Night view of Huangpu River and the Lujiazui Financial District with the Oriental Pearl TV Tower, Jinmao Tower, the Shanghai World Financial Center and other skyscrapers and high-rise buildings in Pudong, Shanghai, China, 25 July 2012.
Night view of Huangpu River and the Lujiazui Financial District with the Oriental Pearl TV Tower, Jinmao Tower, the Shanghai World Financial Center and other skyscrapers and high-rise buildings in PudShow more

China's hard-pressed home buyers are not sold on renting



China has begun a great rental giveaway, offering cheap land and subsidised loans in an effort to kick-start development of home leasing markets in major cities across the nation.

Anyone expecting a rental housing boom to match the growth of the private purchase market may be disappointed, though: China's real estate industry is likely to remain dominated by the development of apartments for sale.

The increase in property prices to unaffordable levels has put a strain on migrant workers and middle-class residents in many urban centers, highlighting the low number of apartments available for rent. In July, the government identified 12 cities that have seen net population inflows, including the southern metropolis of Shenzhen, as urgently needing more supply. Others including Beijing and Shanghai have joined the push.

Those cities have become great places to be a tenant. Nanjing, for instance, gives rental subsidies, while Guangzhou and Shanghai are among those offering tenants the right to have their children educated in local schools - a privilege usually reserved for homeowners or those who hold a prized local hukou, as China's household registration system is known.
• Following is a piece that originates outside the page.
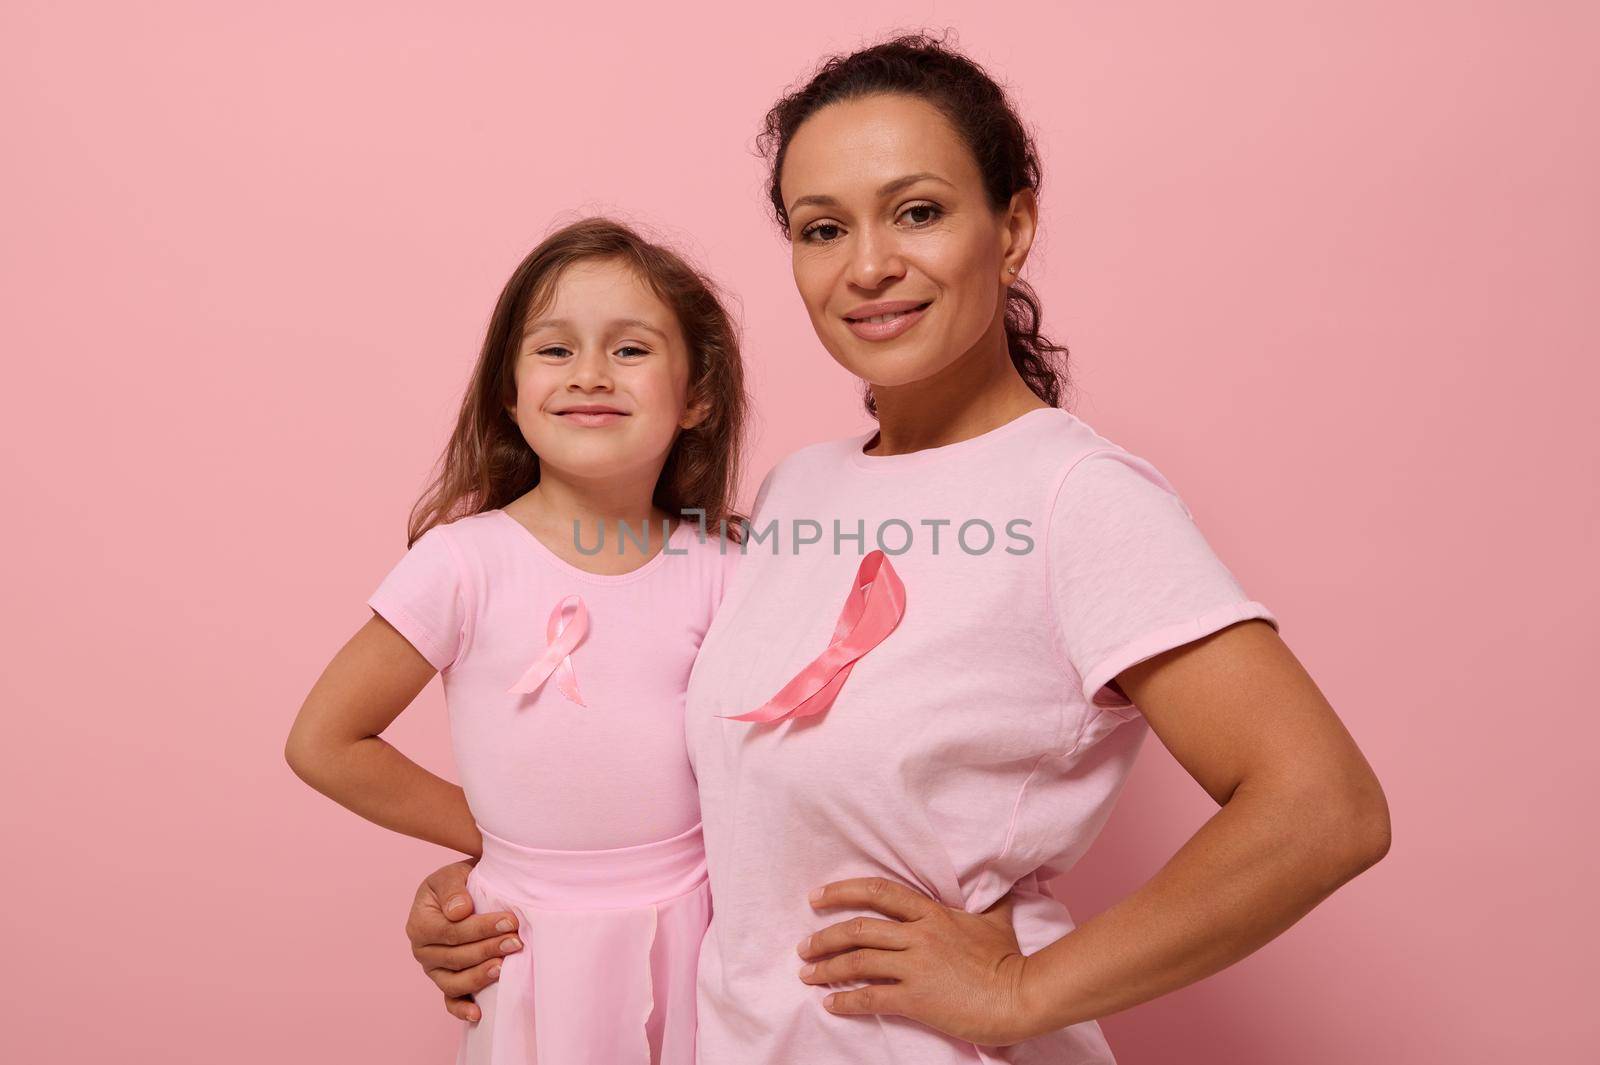 Gorgeous women of two generations, African American lady and European baby girl, in pink clothes and a ribbon, support cancer survivors. Medical Concept October 1. World Breast Cancer Awareness Day by artgf

Shenzhen, a centre for technology companies including internet giant Tencent Holdings, has been even more generous. Tenants can withdraw up to 65 per cent of their monthly pension contributions to pay rent or even take out a loan from China Construction Bank.

Real estate prices in the city bordering Hong Kong have more than doubled in the past couple of years; even so, taking out a loan for a monthly liability like rent is unusual, to say the least.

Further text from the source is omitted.